The Open Source Security Advantage
Open source provides a security advantage through transparency. You can audit the complete agent codebase to verify that it does not send data to unauthorized endpoints, does not include backdoors, and implements security controls correctly. Proprietary agents require you to trust the vendors security practices without the ability to verify them. For security-sensitive deployments, the ability to audit the code is a significant benefit.
Community review means that vulnerabilities in popular open source agents are more likely to be discovered and reported than in proprietary software. The more eyes on the code, the faster security issues surface. Major open source AI agent projects have security disclosure processes that let researchers report vulnerabilities privately so they can be fixed before public disclosure.
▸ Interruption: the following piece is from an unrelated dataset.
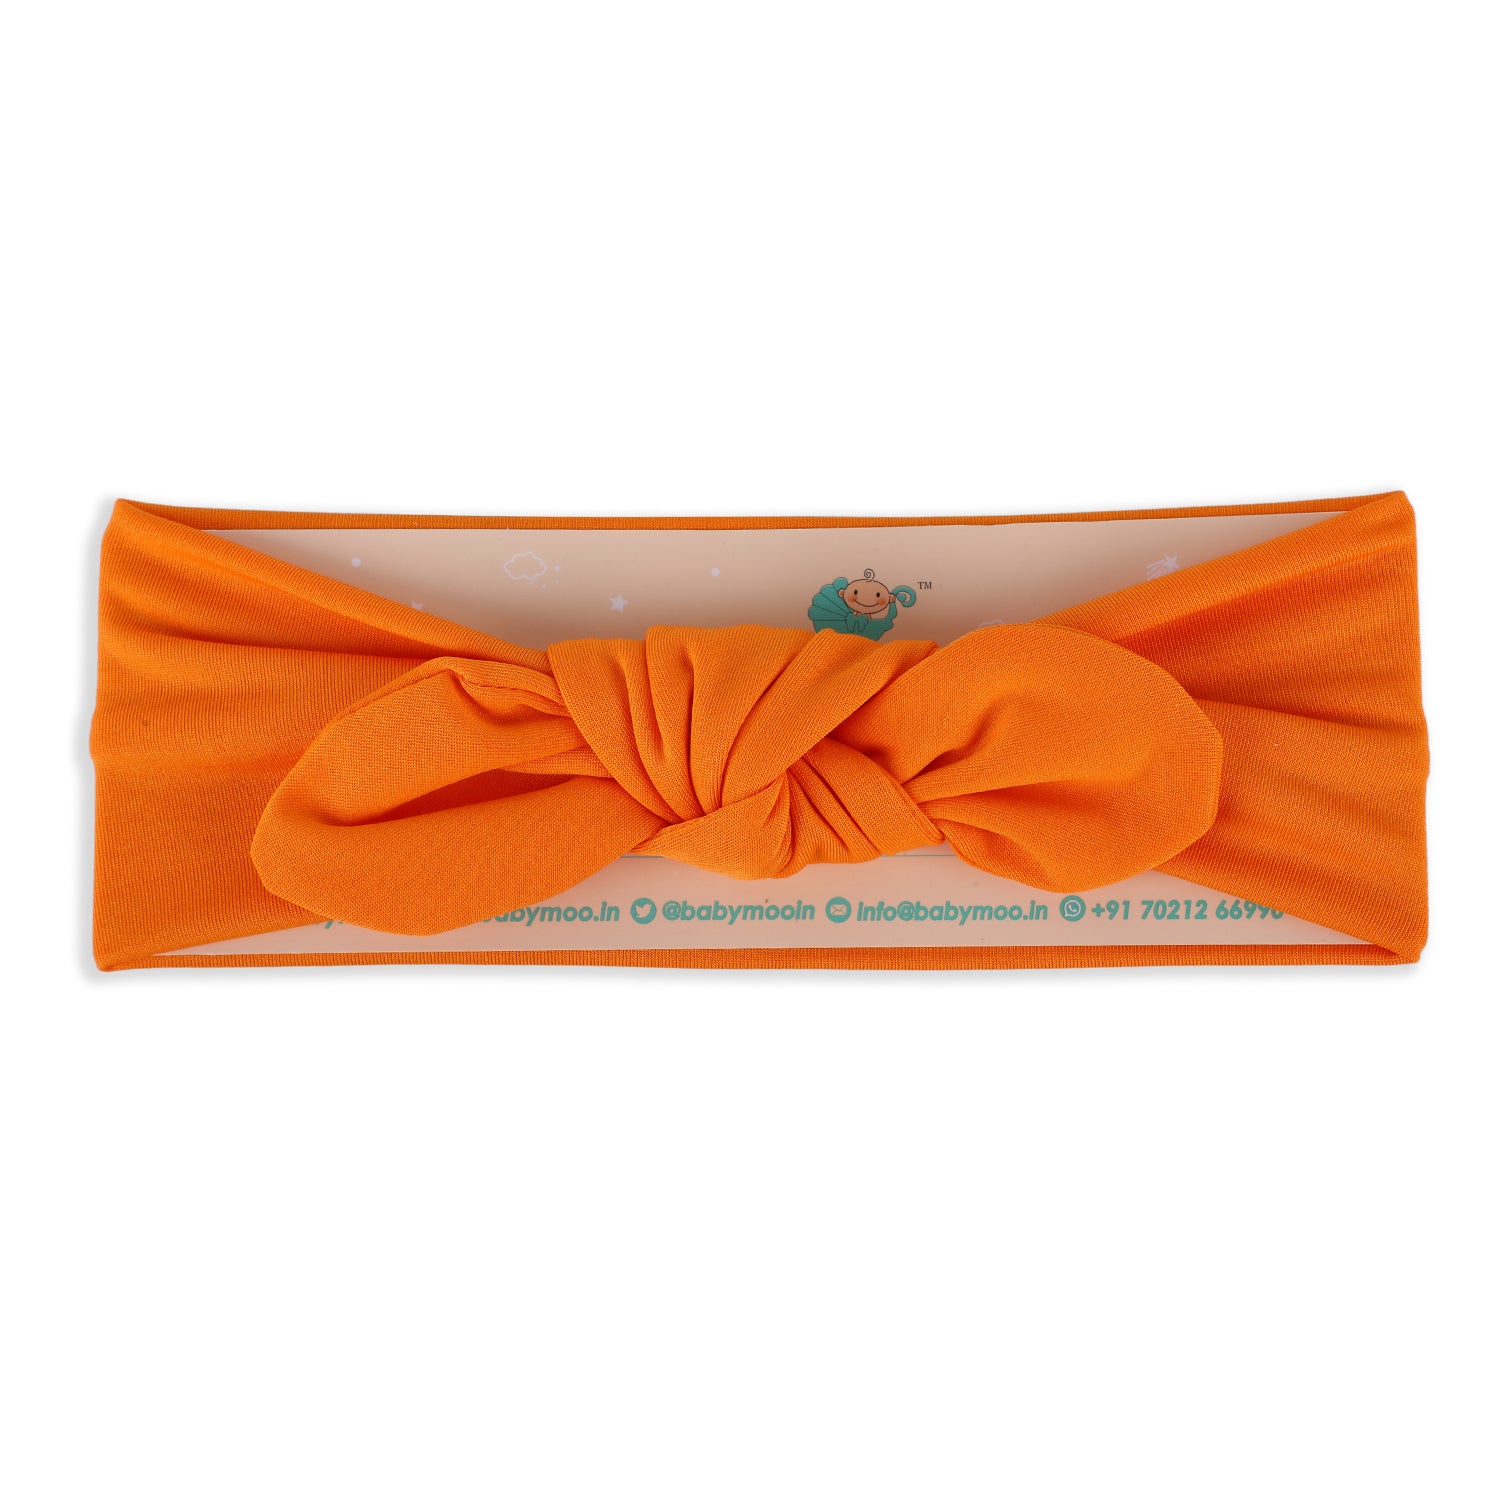 Bow Knot Headband - Orange - Baby Moo
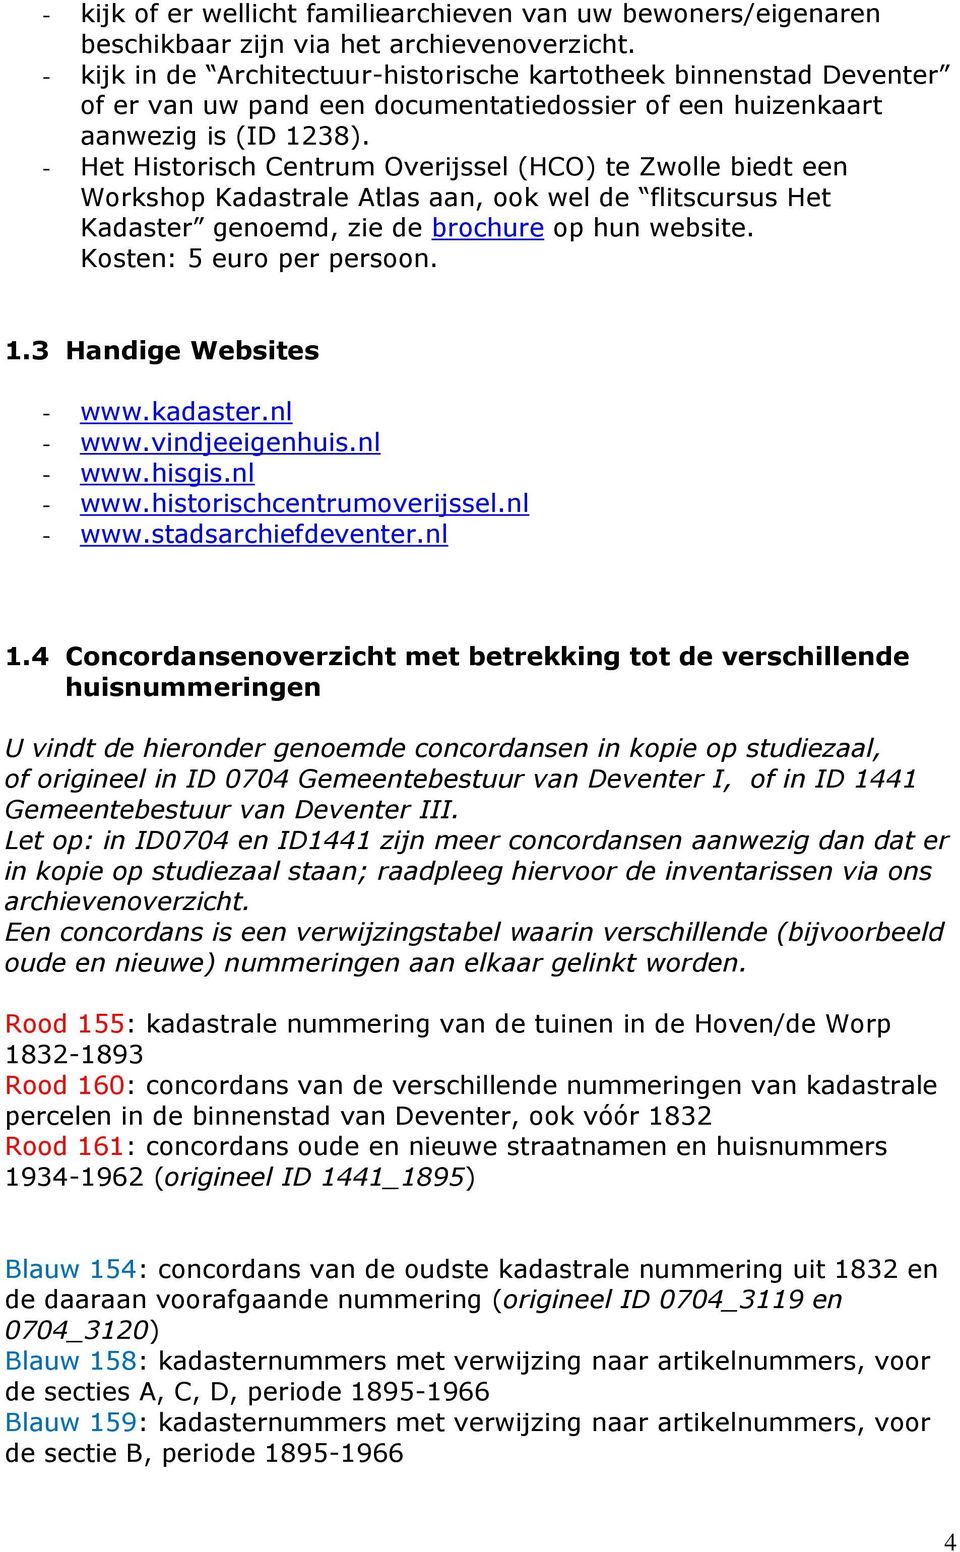 - Het Historisch Centrum Overijssel (HCO) te Zwolle biedt een Workshop Kadastrale Atlas aan, ook wel de flitscursus Het Kadaster genoemd, zie de brochure op hun website. Kosten: 5 euro per persoon. 1.

Rapid patching is possible because you control the deployment. When a vulnerability is discovered, you can apply patches immediately without waiting for a vendor to release an update. For critical vulnerabilities, the ability to patch within hours rather than waiting for the next vendor release cycle can be the difference between a security incident and a near-miss.
AI agents face unique security threats including prompt injection, data leakage, tool calling abuse, and supply chain attacks. Defense requires layered controls combining input sanitization, output filtering, least-privilege tool access, data encryption, and regular security assessments.